映画全編を通じ、愛する人の喪失と虚無に揺れる主人公を演じた坂東龍汰の演技が素晴らしいのは言うまでもない(彼自身が実母と幼い頃に死別した経験があるということを鑑賞の後で知った)。南果歩、岡田義徳、津田寛治といった俳優たちもその実力で映画のリアリティを見事に支えている。だが、なんといってもこの映画を見終えた観客の心に残るのは、中盤以降に再登場する柏原美紀を演じる西野七瀬の鮮烈な表現力ではないだろうか。
詳細を書くことは控えるが、序盤でこの世を去り、中盤以降に再び主人公の前に現れる美紀は言葉を発さない。何よりも愛する人を求める主人公のすぐそばに立つようで、それでいて決して手の届かない美紀は、この世のものでないような美しさでスクリーンに映る。序盤であえて描かれた「愛する人を失った現実の日常の耐え難い醜さ」は、中盤以降に登場する美紀の「彼岸の美しさ」と鮮明に対比されるためにあったことがわかる。
だが西野七瀬による「彼岸の美紀」の表現が素晴らしいのは、国民的アイドルグループの中でも最も人気のある1人だった彼女の美しさだけが理由ではない。
乃木坂46時代「MVクイーン」だった理由
日本のアイドル史で絶頂を極めたと言ってもいい動員数を誇る乃木坂46に在籍し、最も多くセンターをつとめた西野七瀬は、グループのミュージックビデオにおいても「MVクイーン」だった。柳沢翔監督が演出し、アイドルMVの歴史に残る傑作と名高い『サヨナラの意味』をはじめ、多くの監督が西野七瀬を中心にMVを撮影してきた。

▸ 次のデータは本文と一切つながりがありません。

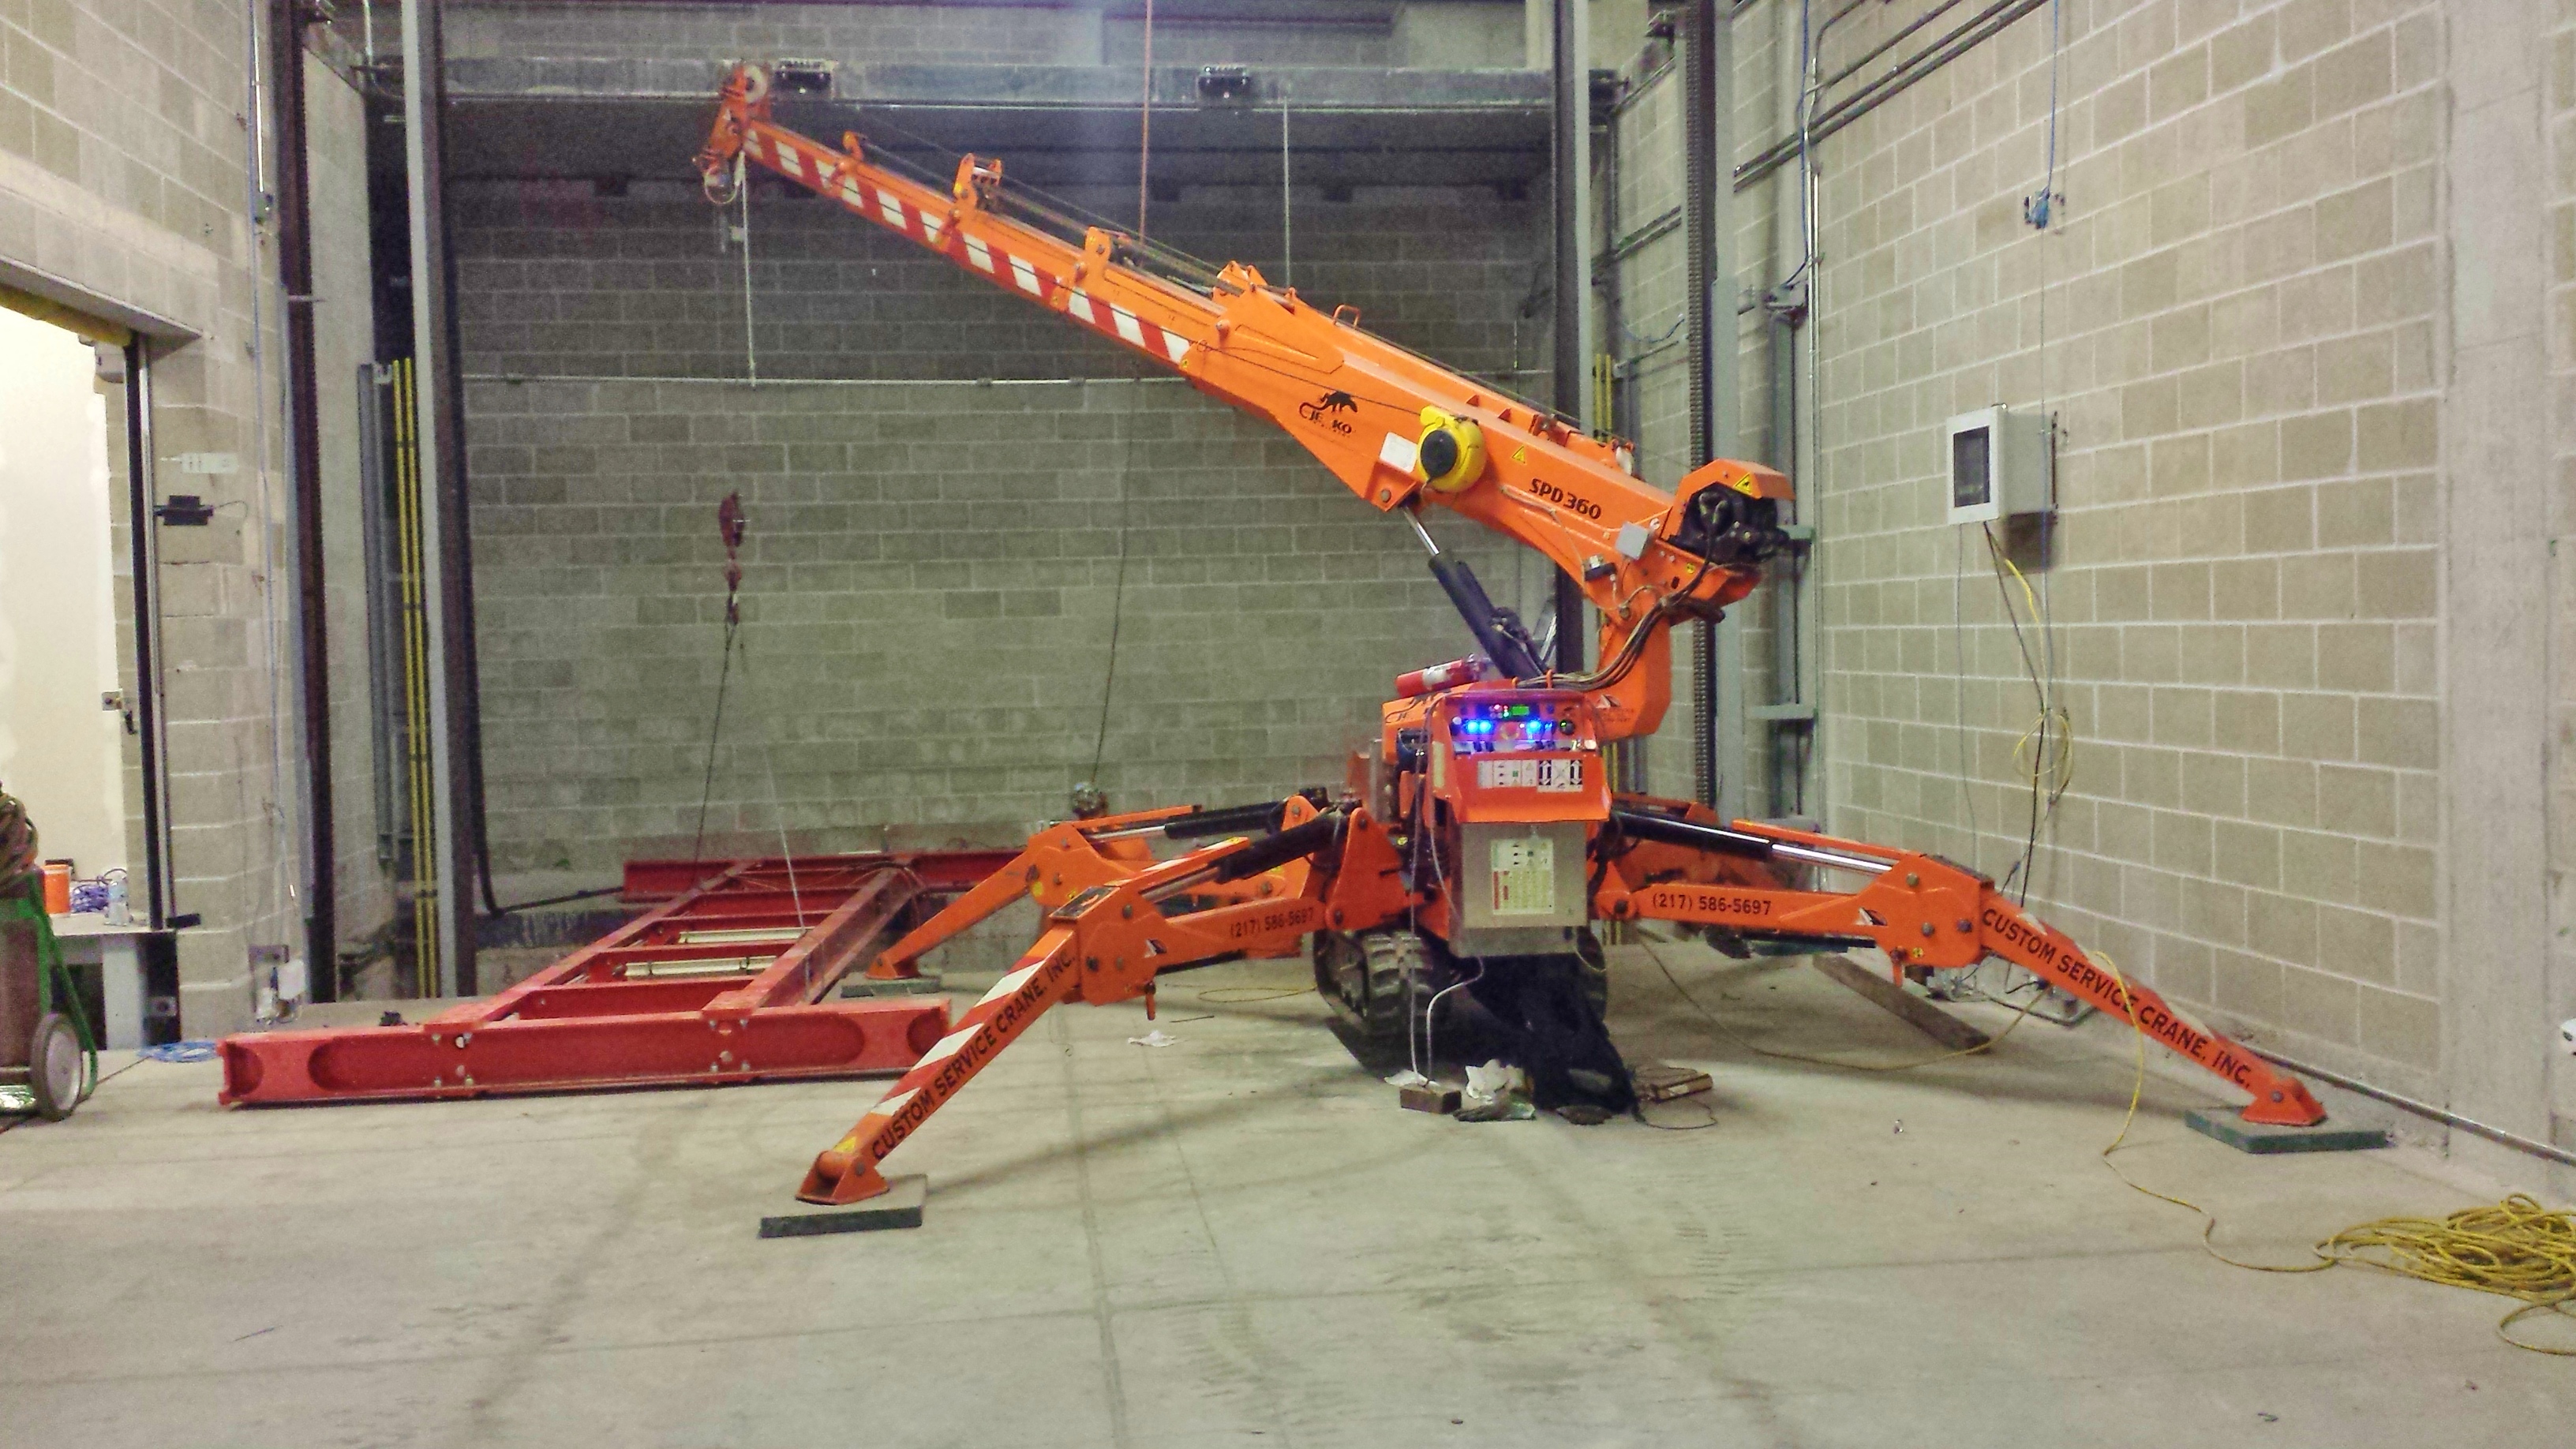 Jekko mini crane is installing an automated parking garage in Champaign, IL.

西野七瀬が在籍した時代の同グループには、「女性がなりたい顔」ランキングの常連である白石麻衣、ドイツ生まれで才能に恵まれた生田絵梨花ら綺羅星のごとくスターがいいた。その中で、西野七瀬は、必ずしも美貌や歌唱力でナンバーワンだったわけではない。それでも多くの監督が魅入られるように西野七瀬を中心におかずにはいられなかったのは、彼女のたたずまいや眼差しに物語を喚起する謎めいた魅力があったからだ。
内向的で声も大きくない彼女が、ステージやカメラの前である瞬間、スポーツ選手が「ゾーンに入る」と呼ぶような、自意識を振り切った輝きの表現を見せる。その2つの顔の落差が西野七瀬の魅力でもあった。

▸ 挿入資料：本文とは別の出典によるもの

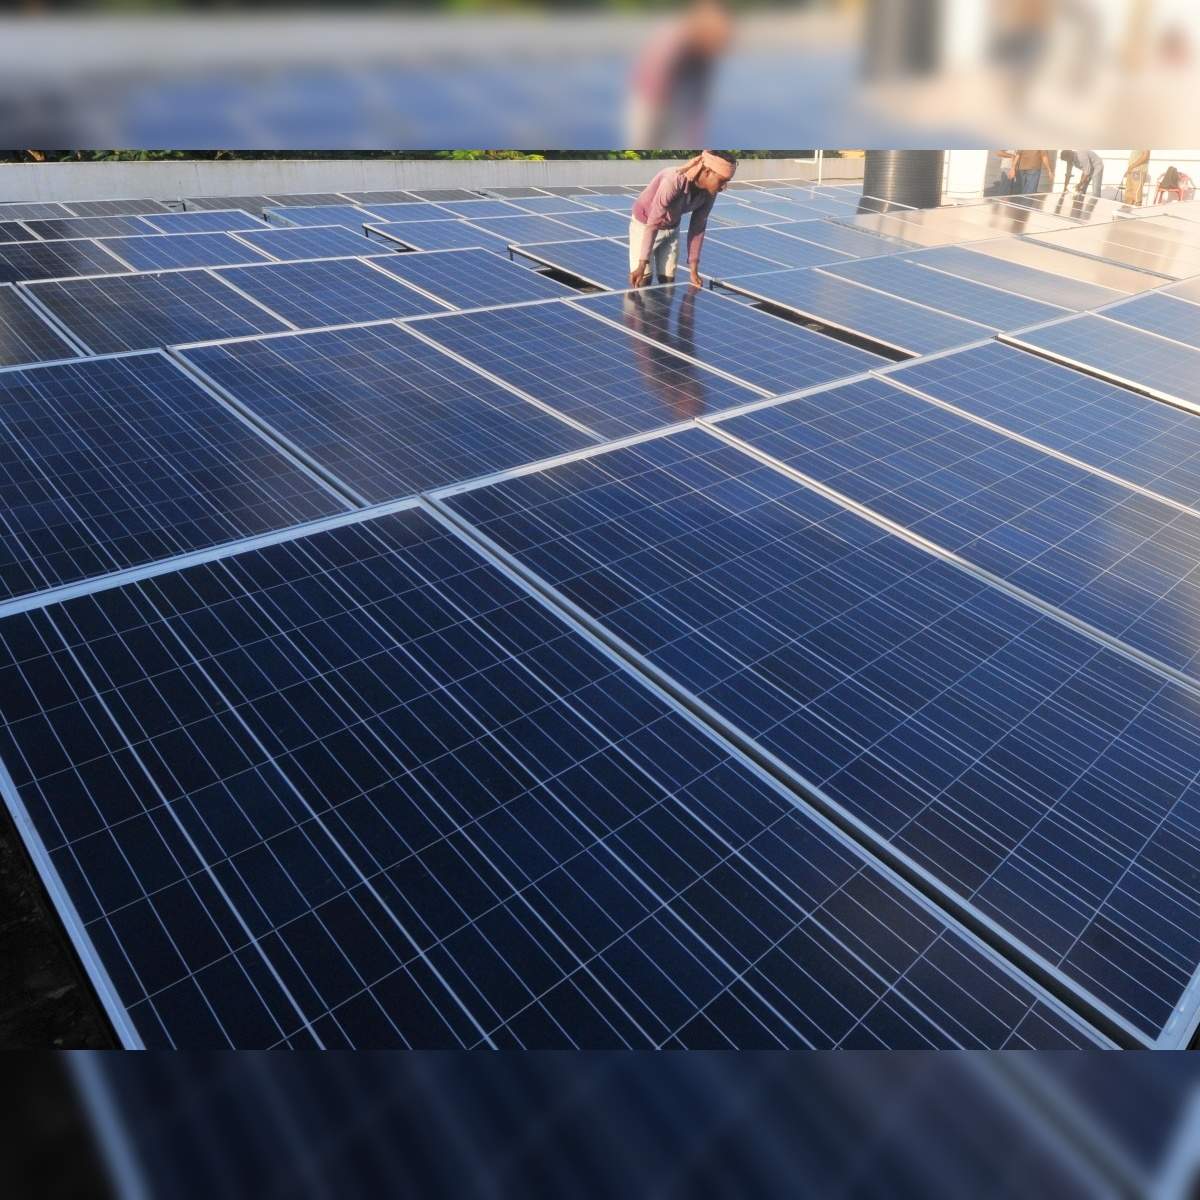 Solar Power Installations: Clean Energy for Sustainable Futures

アイドルたちのグループ卒業後の進路はさまざまだが、西野七瀬が女優として演技の方向に進んだのは、そうしたMVでの輝きを知る多くのファンが納得するところだったろう。多くの人気作品、人気ドラマに出演し、在日コリアンの姉役を演じた『孤狼の血 LEVEL2』の演技で第45回日本アカデミー賞 優秀助演女優賞・新人俳優賞を受賞するなど、その活動は順調と言っていい。